Interesting. I tell the students in my Adult-Ed investing class that looking at daily action is a huge waste of time and to absolutely not do it. I suggest looking once a year.

Modern Portfolio Theory, which has survived now for close to 70 years is based on the observation that stock prices vary randomly but with a small upward bias. The bias is why buy and hold works.
 
Interesting. I tell the students in my Adult-Ed investing class that looking at daily action is a huge waste of time and to absolutely not do it. I suggest looking once a year.

Modern Portfolio Theory, which has survived now for close to 70 years is based on the observation that stock prices vary randomly but with a small upward bias. The bias is why buy and hold works.

I think following MPT is a good idea for most people and I'm a huge proponent of buy and hold investing but I don't subscribe to the theory that stock picking can't work and I don't hold stocks forever (my average holding period is around 5-8 years). I've never owned an index fund or a broad-based mutual fund in my 30 plus years of investing and my returns are better off for it. I also don't do regular portfolio rebalancing and my lack of diversification would shock many professional money managers. I do it this way because I think too high of a premium is put on minimizing volatility. My belief is that since saving is a lifetime endeavor, volatility only matters as you near the end of life. What really matters a lot are actual average returns.

People need to do what works for them and I applaud you for teaching a method that works for most of the people, most of the time. But I do think you're being a bit rigid when you tell every student to absolutely not look at their brokerage account on a regular basis (even if it is probably good advice for most of them).
 
I'm sorry, it wasn't my intention to be silly or insulting. It was a light-hearted look at we all do things differently. ...

I didn't think anything that you said was trying to be silly or insulting.

My rationale for not checking how things are doing so often is the same as refraining from looking at a car wreck on the side of the road or the gory parts of a horror movie. The market tanking is like a horror movie and I already know my dollar balance is going to drop by a good amount.

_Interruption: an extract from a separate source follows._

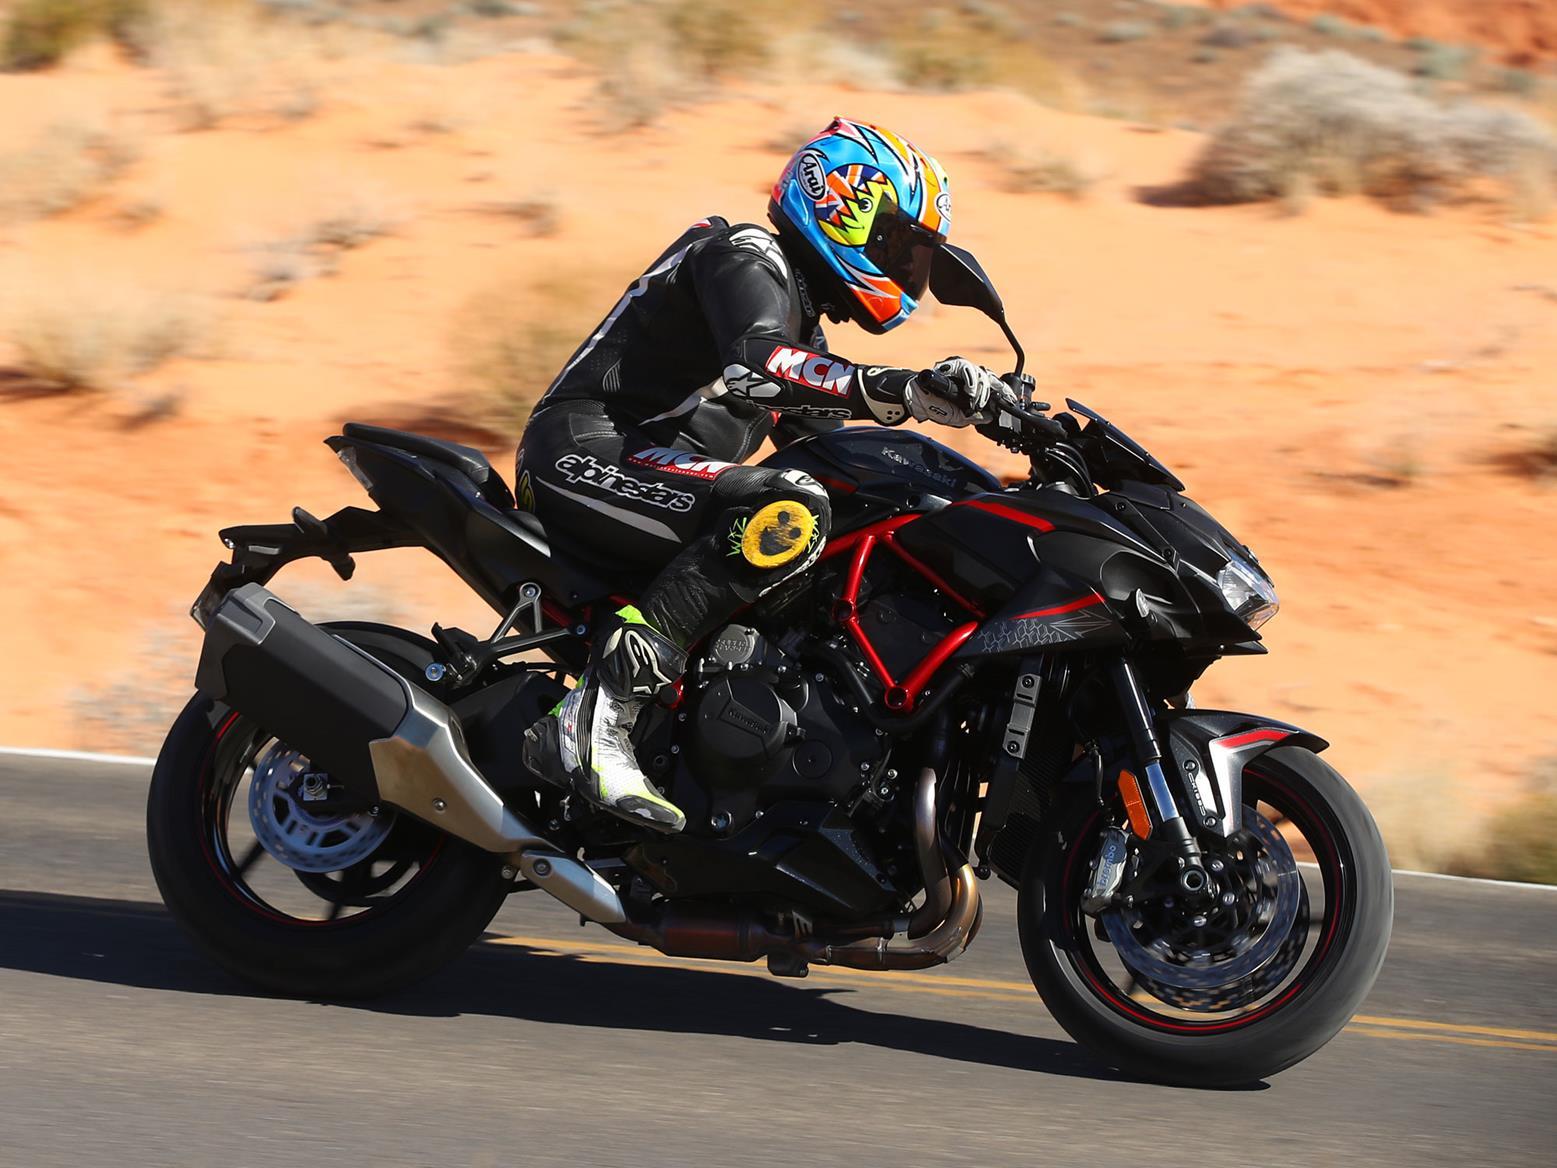 Riding the 2020 Kawasaki Z H2

So, I try not to dwell. Instead, at times when the market tanks I trick my mind into thinking, for each purchase I DCA in the market index fund, I'll be buying more shares than in an up market.

My strategy is when in a bull market run, okay to focus on balances. When market tanks, focus on shares. Heads I win, tails I win :).
 
My rationale for not checking how things are doing so often is the same as refraining from looking at a car wreck on the side of the road or the gory parts of a horror movie. The market tanking is like a horror movie and I already know my dollar balance is going to drop by a good amount.

So, I try not to dwell. Instead, at times when the market tanks I trick my mind into thinking, for each purchase I DCA in the market index fund, I'll be buying more shares than in an up market.

My strategy is when in a bull market run, okay to focus on balances. When market tanks, focus on shares. Heads I win, tails I win :).

I understand. I call that a "fair-weather investor", LOL! :D
 
... I think too high of a premium is put on minimizing volatility. My belief is that since saving is a lifetime endeavor, volatility only matters as you near the end of life. What really matters a lot are actual average returns. ...
Well, we can agree on that for sure. In the accumulation phase with DCA, volatility is actually your friend. In retirement it is mostly a don't-care as long as SORR is handled with an adequate fixed income allocation aka bucket.

IMO Markowitz did investing a great disservice when he decided to equate volatility and risk. They are not the same, but doing this gave him something that he could measure numerically and play mathematical games with.

... But I do think you're being a bit rigid when you tell every student to absolutely not look at their brokerage account on a regular basis (even if it is probably good advice for most of them).
It doesn't matter. They will ignore this advice but hopefully they will look less often.